The events of today can only be explained as a God instance, leading me to center of God’s will for a moment in time.  Stir crazy from not being cleared to go back to work yet, I spent 2 hours spring cleaning, purging my lame wardrobe.  After running an errand, I felt compelled to find a quiet restaurant to read and write for a while.  What followed next is best described as a Happy Meal at McDonald’s.

After enjoying a small treat from the dollar menu, I began reading a few chapters of the Bible, jotting down interesting details.  Before I started my prayer journal, a stranger approached with a few questions.  Noticing my Bible, his curiosity led to an hour long conversation.  Fifteen minutes later, a bystander joined the fray, adding to what I had begun.  To my surprise, this passionate woman was the mother of one of my former students.  When she departed, our discussion continued, reflecting on the temptations in life.

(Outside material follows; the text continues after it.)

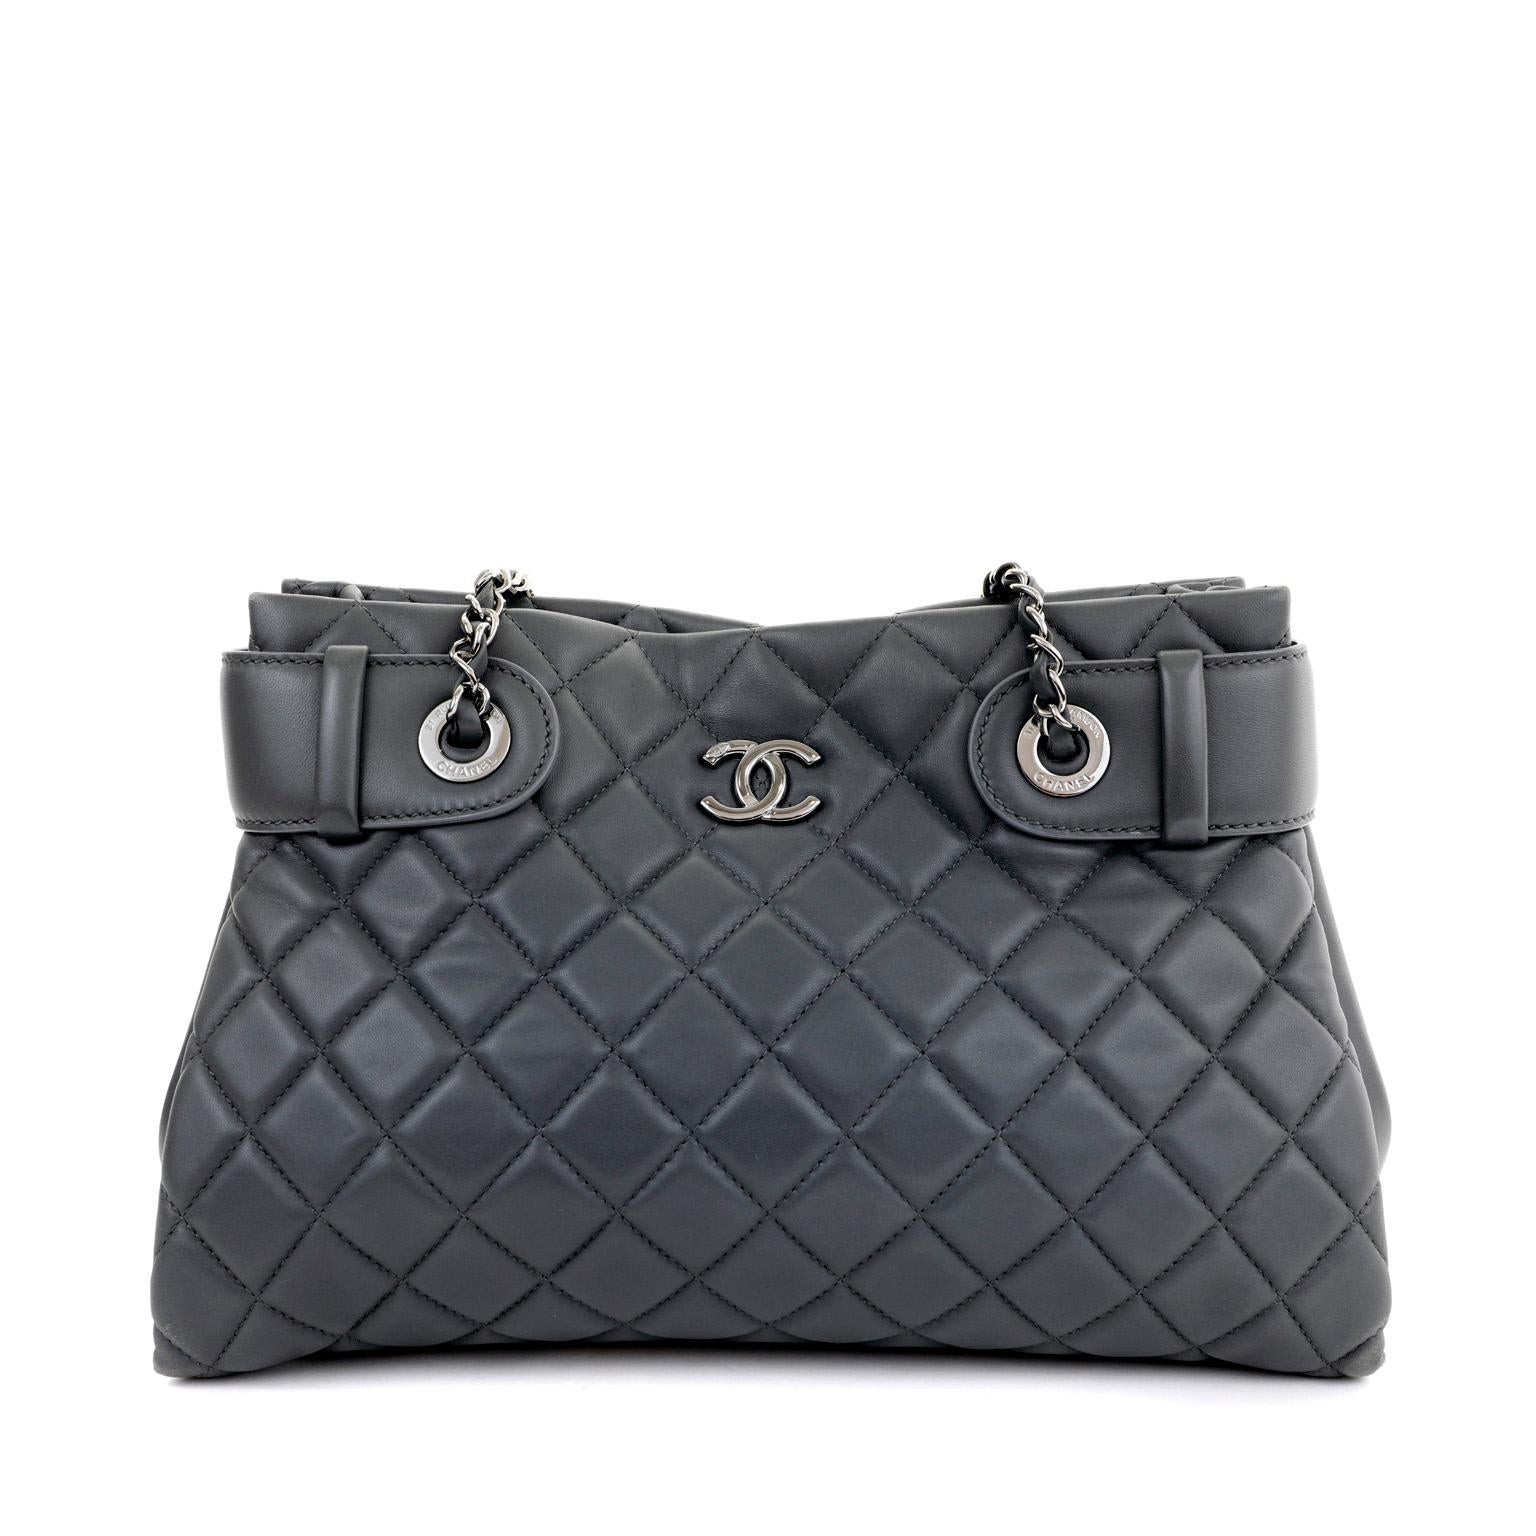 This authentic Chanel Graphite Lambskin Small Tote is in pristine unworn condition.  Perfect for every day, the simple silhouette carries all the essentials with an understated stylish flair.

Neutral dark graphite lambskin is quilted in signature

Although the conclusion wasn’t earth shattering, a seed was planted in a heart whose soul has been influenced by the hypocrisy of Christian leaders.  In life, God doesn’t force anyone to believe.  Rather, the apostle Paul suggests individuals are surrounded by visible and invisible qualities of a higher power, Romans 1:18-20.  Thus, anyone who is longing for a deeper meaning to life should start by soaking in the words of Christ, Romans 10:17, so that one day their minds will be renewed.  If you’re thinking about driving through or ordering take out, you might miss an encounter of a lifetime.  Therefore, slow down, kneel and ask the Holy Spirit for the words to share as you dine out.